19.1 Omitted Variable Bias Revisited

We introduced Omitted Variable Bias (OVB) in Chapter 13. Here we add a numerical example and emphasize that OVB does not vanish with more data.

If the true model is \(y = \beta_1 + \beta_2 x + \beta_3 z + e\) but we omit \(z\), the OLS estimate of \(\beta_2\) converges to the wrong value:

\[ b_2^* \xrightarrow{p} \beta_2 + \beta_3 \frac{\text{Cov}(x, z)}{\text{Var}(x)} \tag{19.1}\]

Koop-Tobias data: Without an ability proxy, the return to education is 7.3%. With one (test scores), it falls to 5.9%. The omitted ability variable inflated the education coefficient by about 24%.

The direction of bias depends on two signs: the effect of the omitted variable on \(y\) (\(\beta_3\)) and its correlation with the included regressor. Using Koop-Tobias wage data (\(N = 1{,}057\)): without an ability proxy, the estimated return to education is 7.3%; with an ability proxy (test scores), it falls to 5.9%. The omitted ability variable inflated the education coefficient by about 24%.

Two conditions eliminate OVB: \(\beta_3 = 0\) (the omitted variable does not affect \(y\)) or \(\text{Cov}(x, z) = 0\) (the omitted variable is uncorrelated with the included regressor). An omitted variable is only a problem when both conditions fail.

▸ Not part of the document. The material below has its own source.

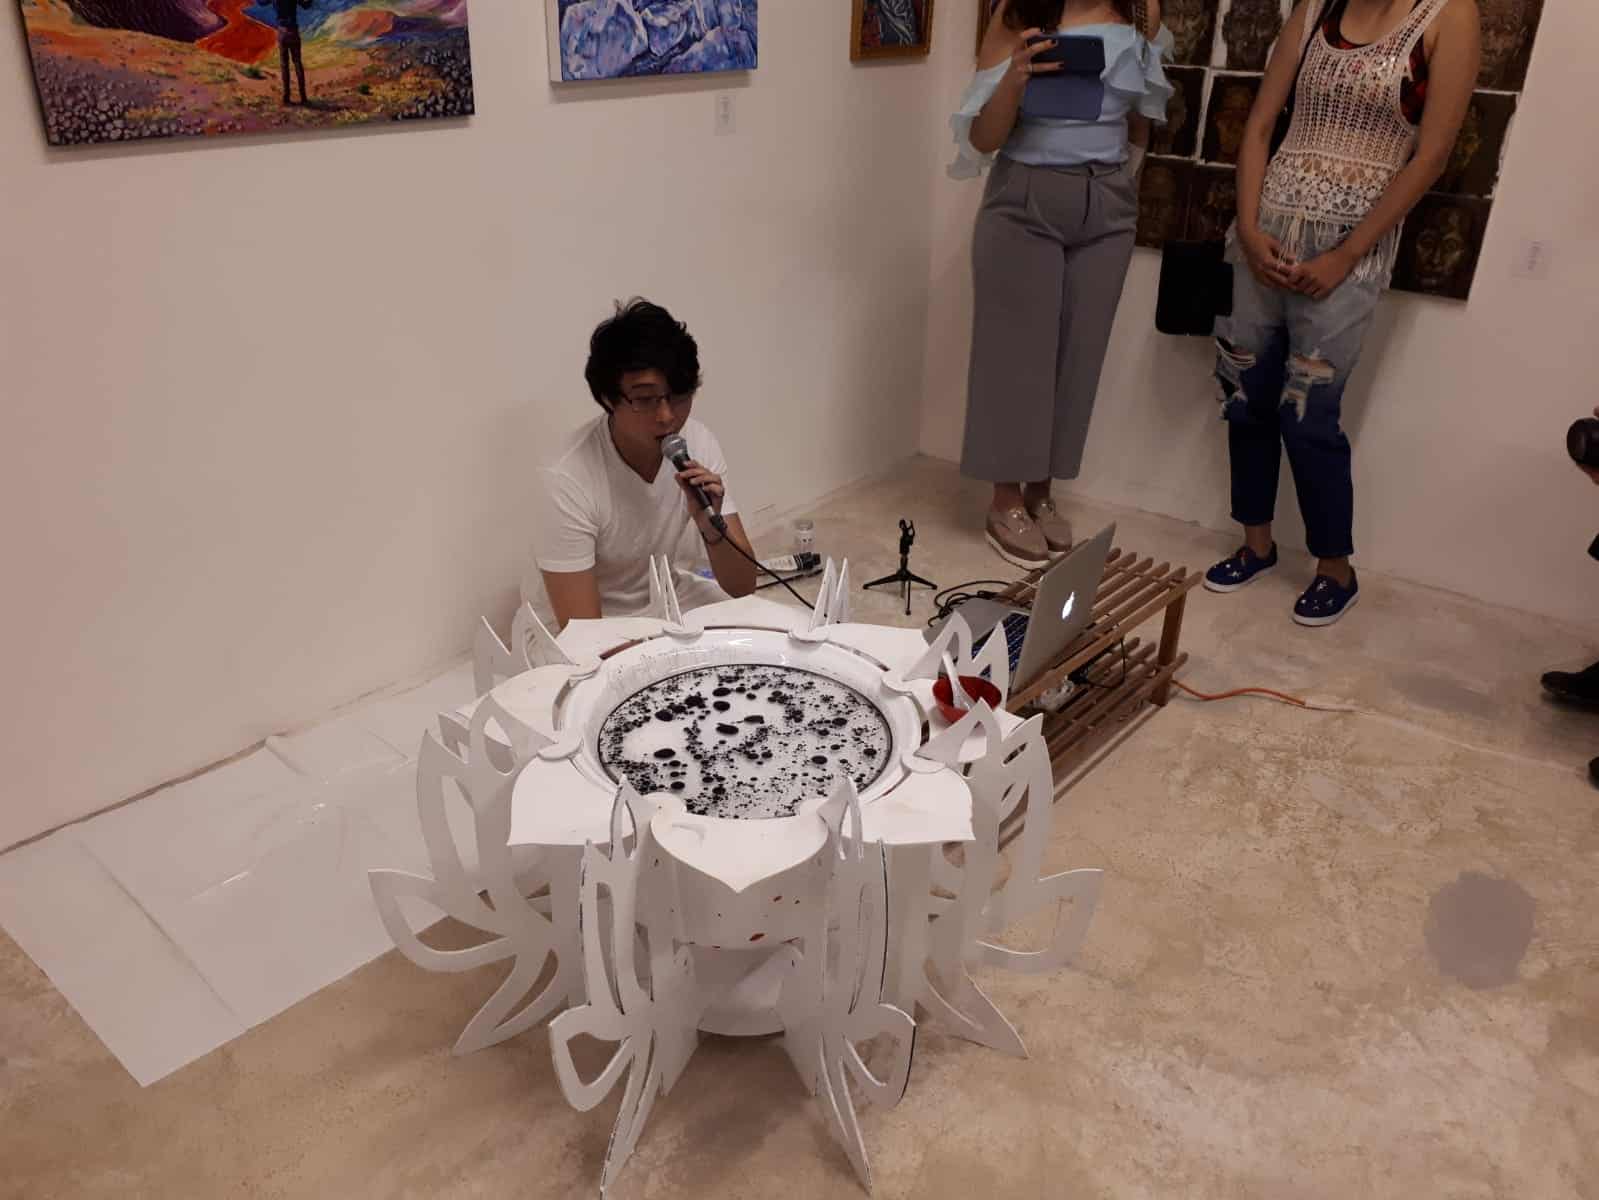 Jireh Koh presenting Anāhata (2018-), an ongoing series of sound and visual art installations and performances using cymatics, as part of the Wu Wei performance series #4 in 2019

19.2 Including Irrelevant Variables

The opposite mistake is including a variable that does not belong in the model. If \(\beta_4 = 0\) in the true model but you include shoe size alongside education and ability, the estimates of \(\beta_1\), \(\beta_2\), and \(\beta_3\) remain unbiased. The cost is larger standard errors: the variance formula includes a factor \(1/(1 - R_k^2)\) from the auxiliary regression of \(x_k\) on all other regressors, and adding shoe size increases \(R_k^2\) even slightly, inflating \(\text{Var}(b_k)\).

\(\implies\) Given a choice between the two mistakes, including an irrelevant variable is the lesser evil. You pay with precision, not with bias. But this does not mean “throw everything in.” More variables means less precision and wider confidence intervals. The goal is a well-specified model.

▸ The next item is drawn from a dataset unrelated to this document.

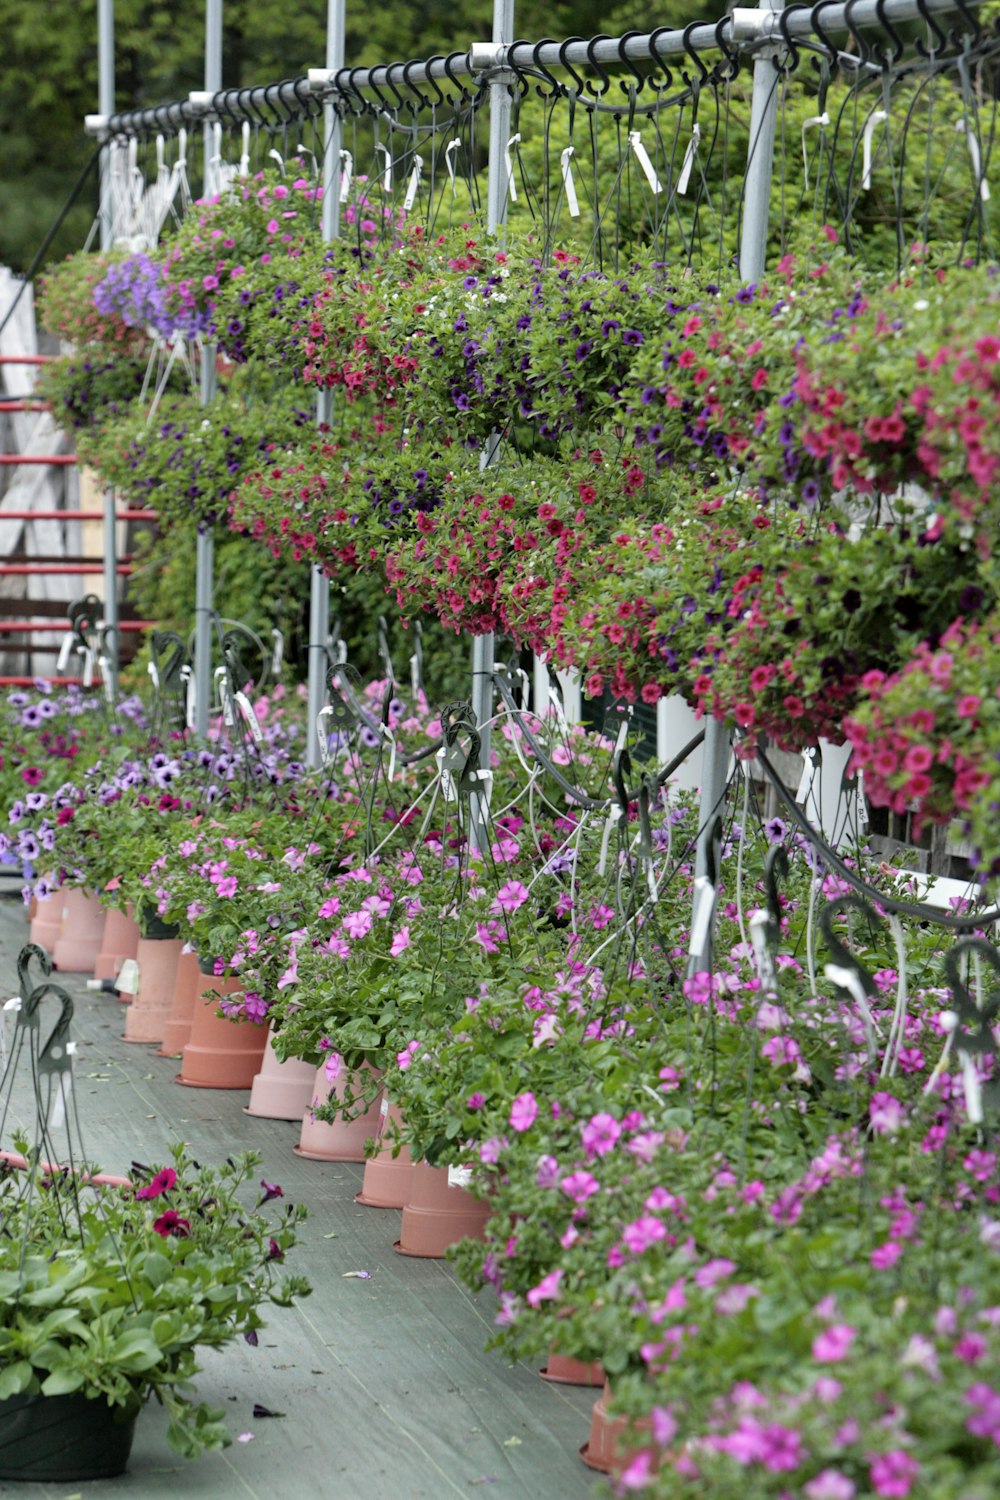 a row of potted plants with pink and purple flowers

Mistake	Consequence for \(\hat{\beta}\)	Consequence for SE
Omit relevant variable	Biased and inconsistent	Can be larger or smaller
Include irrelevant variable	Unbiased and consistent	Larger (inflated)

Bias cannot be fixed with more data; imprecision can. Omitting a relevant variable is almost always the more serious mistake. The exception is when including too many correlated regressors makes standard errors so large that nothing is significant; see Section 19.4 below.

19.3 The RESET Test

The Regression Specification Error Test (RESET) checks for functional form misspecification and omitted variables. The idea: if the model is correctly specified, nonlinear functions of the fitted values \(\hat{y}\) should not add explanatory power.

RESET logic: If the model is right, \(\hat{y}^2\) and \(\hat{y}^3\) should be noise. If they are significant, the model is missing nonlinearities or variables.

The procedure is: (1) estimate the model and compute \(\hat{y}\); (2) estimate the augmented model \(y = \beta_1 + \beta_2 x_2 + \beta_3 x_3 + \gamma_1 \hat{y}^2 + \gamma_2 \hat{y}^3 + e\); (3) test \(H_0: \gamma_1 = \gamma_2 = 0\) with an F-test.

Rejecting \(H_0\) signals misspecification, but RESET does not tell you what is wrong, only that something is. Failure to reject is not conclusive evidence that the model is correct; RESET has limited power against certain alternatives. It is a general-purpose diagnostic, not a targeted test.

flowchart TD
    A["Model specification<br/>choices"] --> B["Omit relevant<br/>variable"]
    A --> C["Include irrelevant<br/>variable"]
    A --> D["Wrong functional<br/>form"]
    B --> E["Biased, inconsistent<br/>(does not vanish with N)"]
    C --> F["Unbiased, but<br/>larger standard errors"]
    D --> G["Biased predictions<br/>RESET test detects this"]

    style B fill:#C41E3A,color:#fff
    style C fill:#D4A84B,color:#fff
    style D fill:#C41E3A,color:#fff
    style E fill:#C41E3A,color:#fff
    style F fill:#D4A84B,color:#fff

Figure 19.1: Two types of specification error and their consequences. Omission causes bias; inclusion causes inefficiency.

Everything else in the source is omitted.